Sunday, June 19, 2011

Jury convicts Ariz. inmate who sparked manhunt (AP)

KINGMAN, Ariz. – An Arizona inmate whose escape sparked a three-week national manhunt was convicted Friday of breaking out of prison and abducting two truck drivers whose big rig was used as a getaway vehicle.

A Mohave County jury found 46-year-old John McCluskey guilty of escape, kidnapping, aggravated assault and other charges in his July 30 break from the medium-security Arizona State Prison in Golden Valley. Authorities said McCluskey, a second inmate and their accomplice went on to kill an Oklahoma couple traveling in New Mexico on a camping trip.

Mohave County Superior Court Judge Steven Conn is set to sentence McCluskey on Friday afternoon. The range of sentences that McCluskey could face was unclear.

Prosecutors said McCluskey and two other inmates escaped with the help of Casslyn Welch, who threw cutting tools onto the prison grounds and supplied the men with guns, money and a vehicle.

After one inmate left alone in the vehicle, police say McCluskey, Tracy Province and Welch kidnapped two truck drivers at gunpoint. The drivers later were released.

McCluskey, Province and Welch ended up in New Mexico, where they face federal murder and carjacking charges in the Aug. 2 deaths of Gary and Linda Haas of Tecumseh, Okla.

Inmate Daniel Renwick, who made off alone in the vehicle Welch had provided, was the first to be captured after a shootout in Colorado a day after the escape.
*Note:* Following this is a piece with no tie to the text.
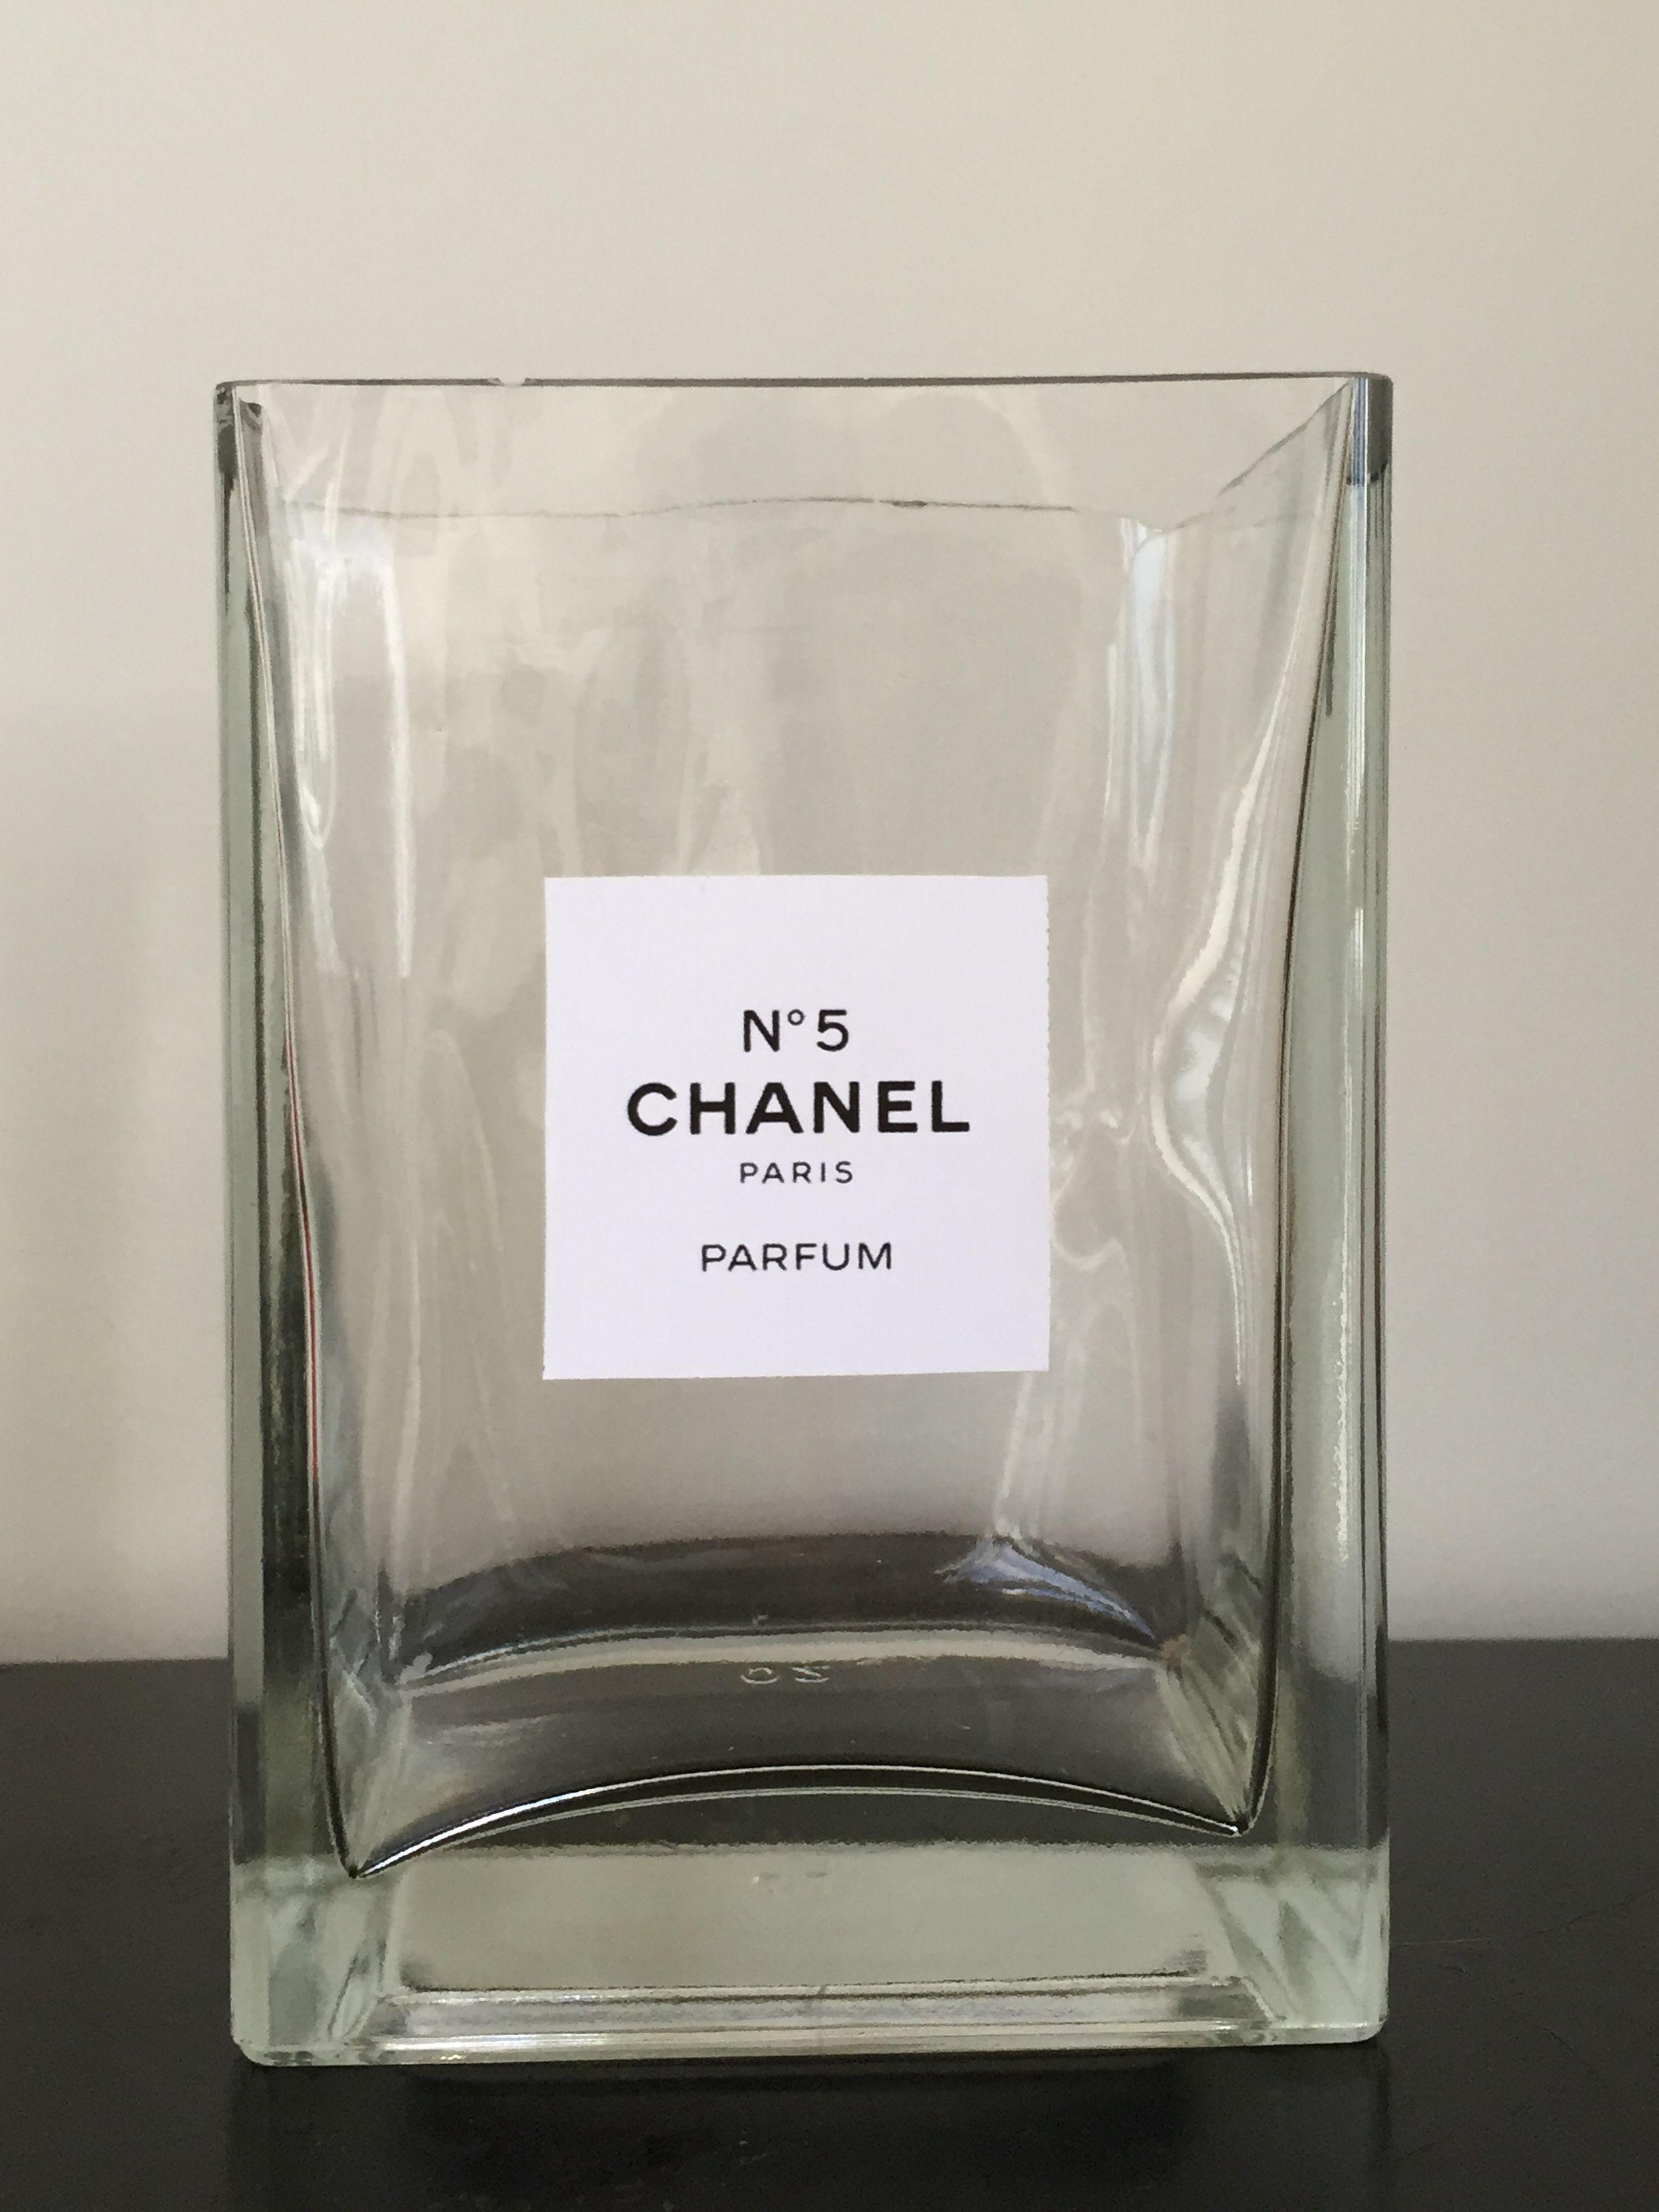 Chanel No. 5 Logo - Chanel no 5 Logos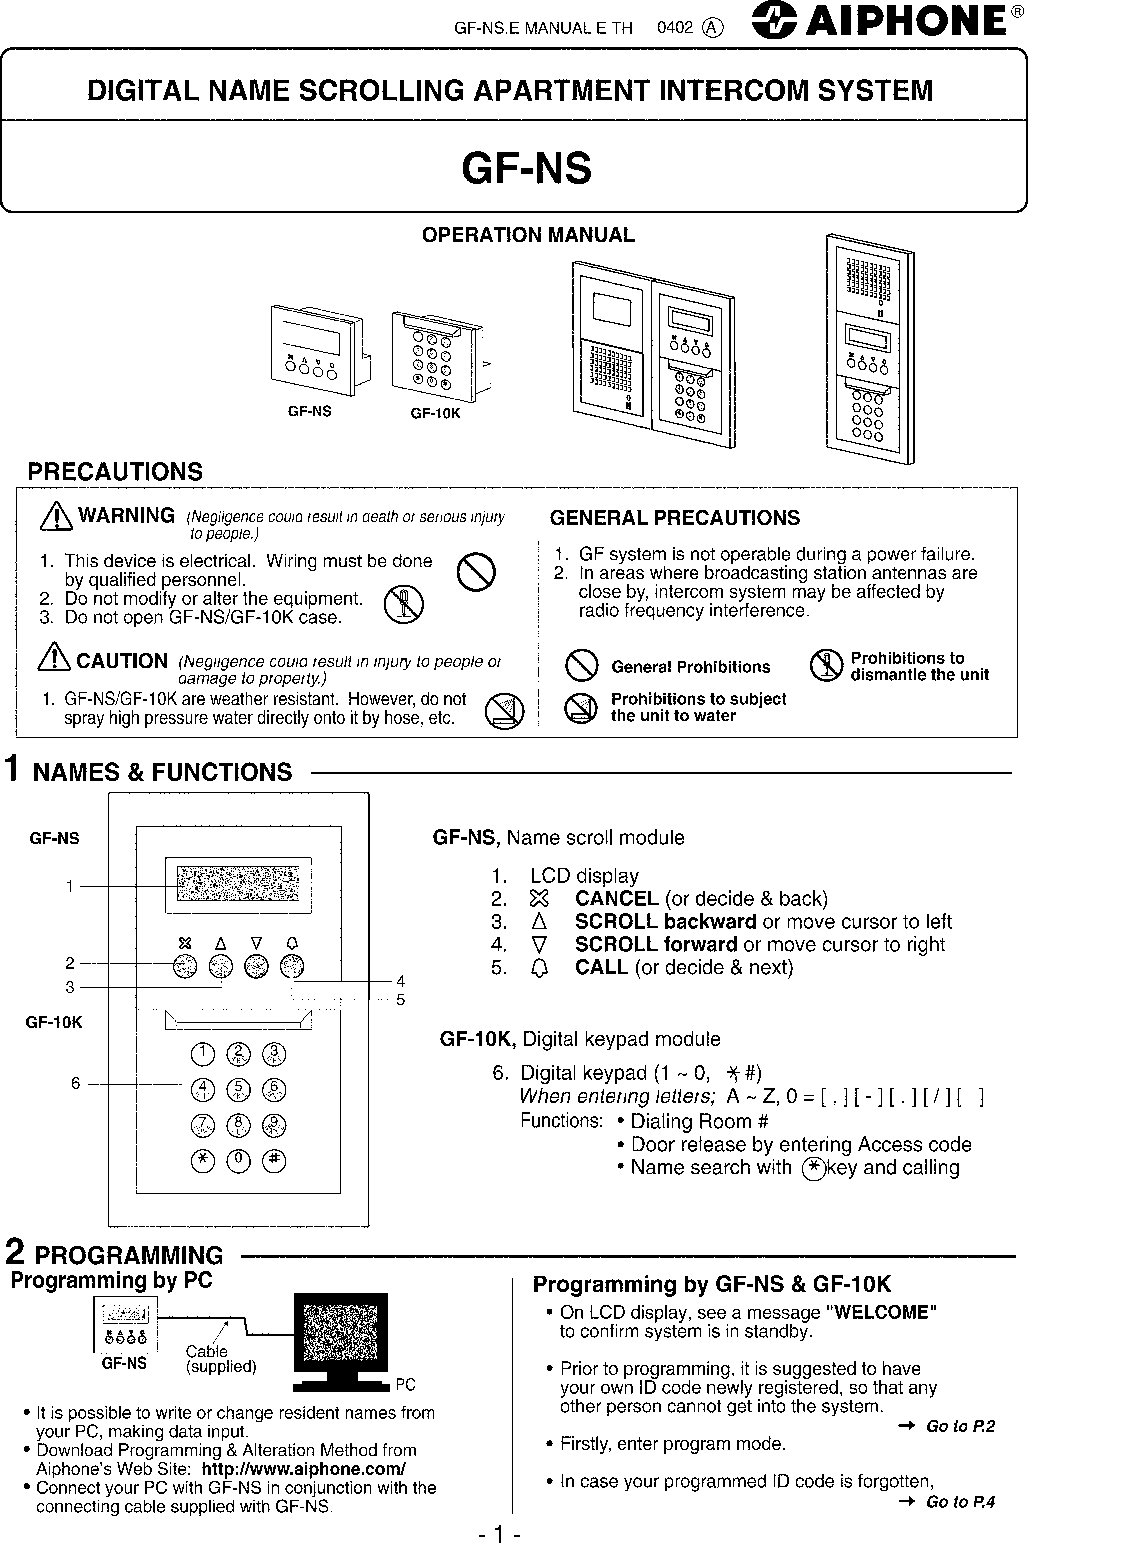 Aiphone GF-10K User Manual

Province was found in Wyoming on Aug. 9.

Welch and McCluskey were arrested more than a week later at an eastern Arizona campsite after an alert U.S. Forest Service employee spotted their beat-up Nissan backed suspiciously into the trees.

Welch, Province and Renwick already have resolved their Arizona charges. Renwick pleaded guilty to two counts of first-degree attempted murder in the Colorado case and was sentenced to 60 years behind bars.

The escape cast a critical spotlight on Arizona's prison system. A report revealed a series of security breakdowns at the prison, including alarms that went off so often that prison personnel just ignored them. The prison warden and a security official resigned.

Since then, Arizona officials said a new alarm system was installed, staff training and testing have increased and more state employees are monitoring the private prison staff.

McCluskey had been serving a 15-year prison term for attempted second-degree murder, aggravated assault and discharge of a firearm when he escaped. He previously did time in Pennsylvania related to a string of armed robberies in the 1990s.

Prosecutors said guards had been extra alert around McCluskey because he tried to head butt a sheriff's detective and because authorities found a makeshift weapon in his cell. He was required to wear a stun belt during the trial.